Published in final edited form as: Curr Opin Struct Biol. 2020 Apr 14;62:183–188. doi: 10.1016/j.sbi.2020.02.004

Recent advances suggest increased influence of selective pressure in allostery

Archana S Bhat 1, Richard Dustin Schaeffer 1, Lisa Kinch 2, Kirill E Medvedev 1, Nick V Grishin 1,2
PMCID: PMC8011830  NIHMSID: NIHMS1682341  PMID: 32302874

Abstract

Allosteric regulation of protein functions is ubiquitous in organismal biology, but the principles governing its evolution are not well understood. Here we discuss recent studies supporting the large-scale existence of latent allostery in ancestor proteins of superfamilies. As suggested, the evolution of allostery could be driven by the need for specificity in paralogs of slow evolving protein complexes with conserved active sites. The same slow evolution is displayed by purifying selection exhibited in allosteric proteins with somatic mutations involved in cancer, where disease-associated mutations are enriched in both orthosteric and allosteric sites. Consequently, disease-associated variants can be used to identify druggable allosteric sites that are specific for paralogs in protein superfamilies with otherwise similar functions.

Introduction

Allostery is a protein regulatory mechanism where perturbations to a site distal from the active site induce conformational and/or functional change. Allostery is induced when information is transferred between a distal allosteric site and the orthosteric site [1••,2]. The perturbations at the allosteric site can be due to multiple factors [3], commonly in the form of either covalent or non-covalent binding of a molecule, or due to environmental factors such as light absorption or high-pressure [47]. Allosteric regulation has been extensively studied due to its role in a wide range of biological processes [817]. The concept of allostery was discovered five decades ago, after which several mechanisms have been proposed relating allosteric binding to conformational change of protein structure or protein dynamics [1••]. Recent ensemble-based techniques used to study allosteric mechanisms are well outlined in a recent review [4].

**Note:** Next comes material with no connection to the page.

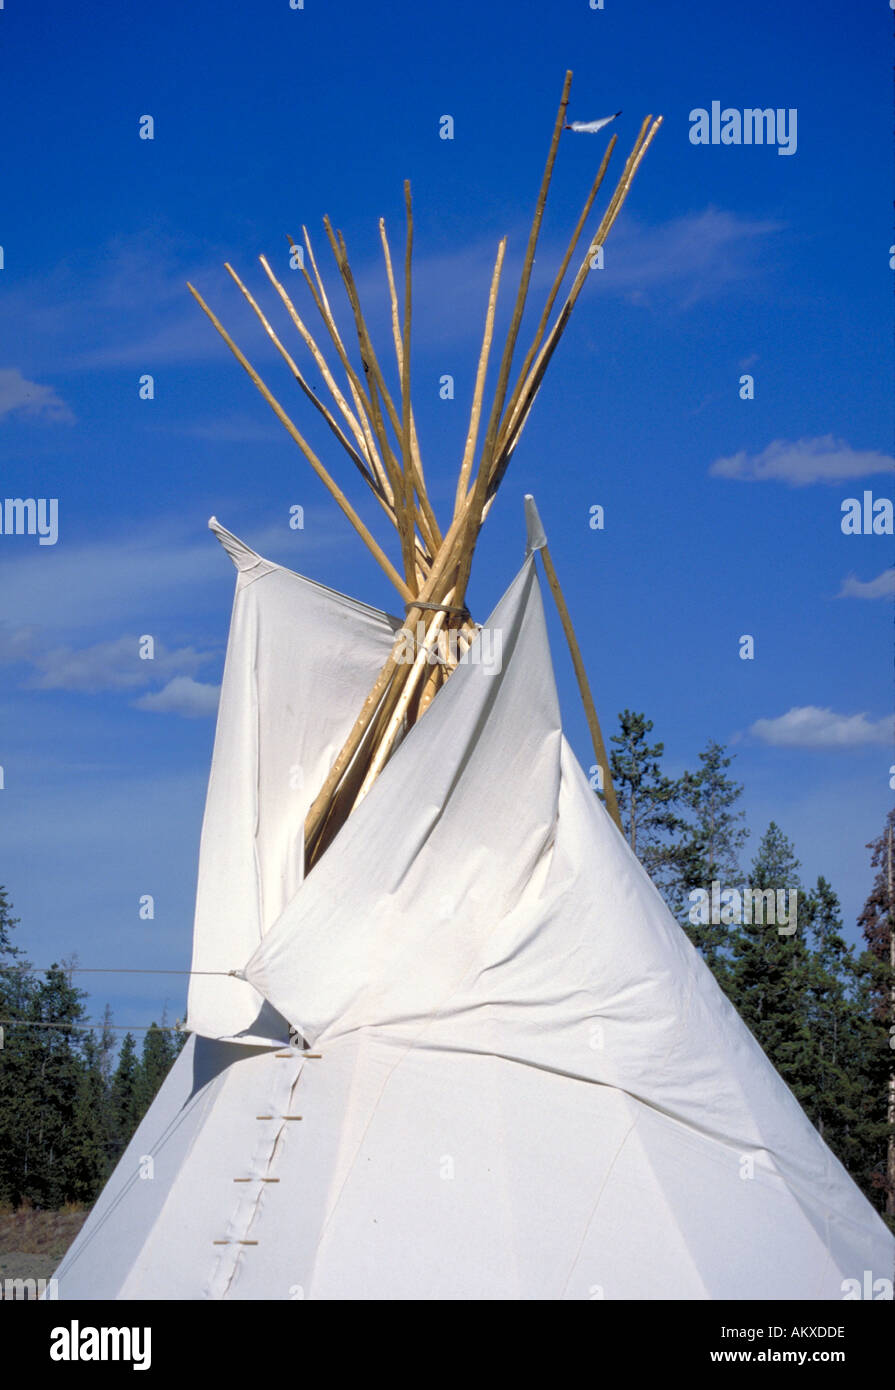 An American Indian tepee with wooden supports exposed and joined at the top. Stock Photo

While these theories address the physical mechanisms of allostery, their relationship to molecular evolution remains less clear. Some suggest allosteric modulation of extant proteins arose in ancestor proteins with a latent capacity for allosteric modulation [18,19]. Alternately, allosteric proteins could have arisen from non-allosteric predecessors that bind the same orthosteric ligand [20,21]. Importantly, the existence of allostery can impose epistatic (non-additive) effects on mutations, which were evaluated for potential allosteric networks in PDZ domains using statistical covariation of residues [22]. Such work suggests that conditional neutrality mediates evolutionary adaptation of PDZ domains and that this allosteric network has its origins in the capacity of proteins to adapt to binding alternate ligand classes [23]. While the presence of allosteric networks in PDZ domains has since been challenged (reviewed in Ref. [24]), the hypothesis that local changes in phase and structure can lead to long range negative epistasis in a model system of ligand binding supports this idea of conditional neutrality [25].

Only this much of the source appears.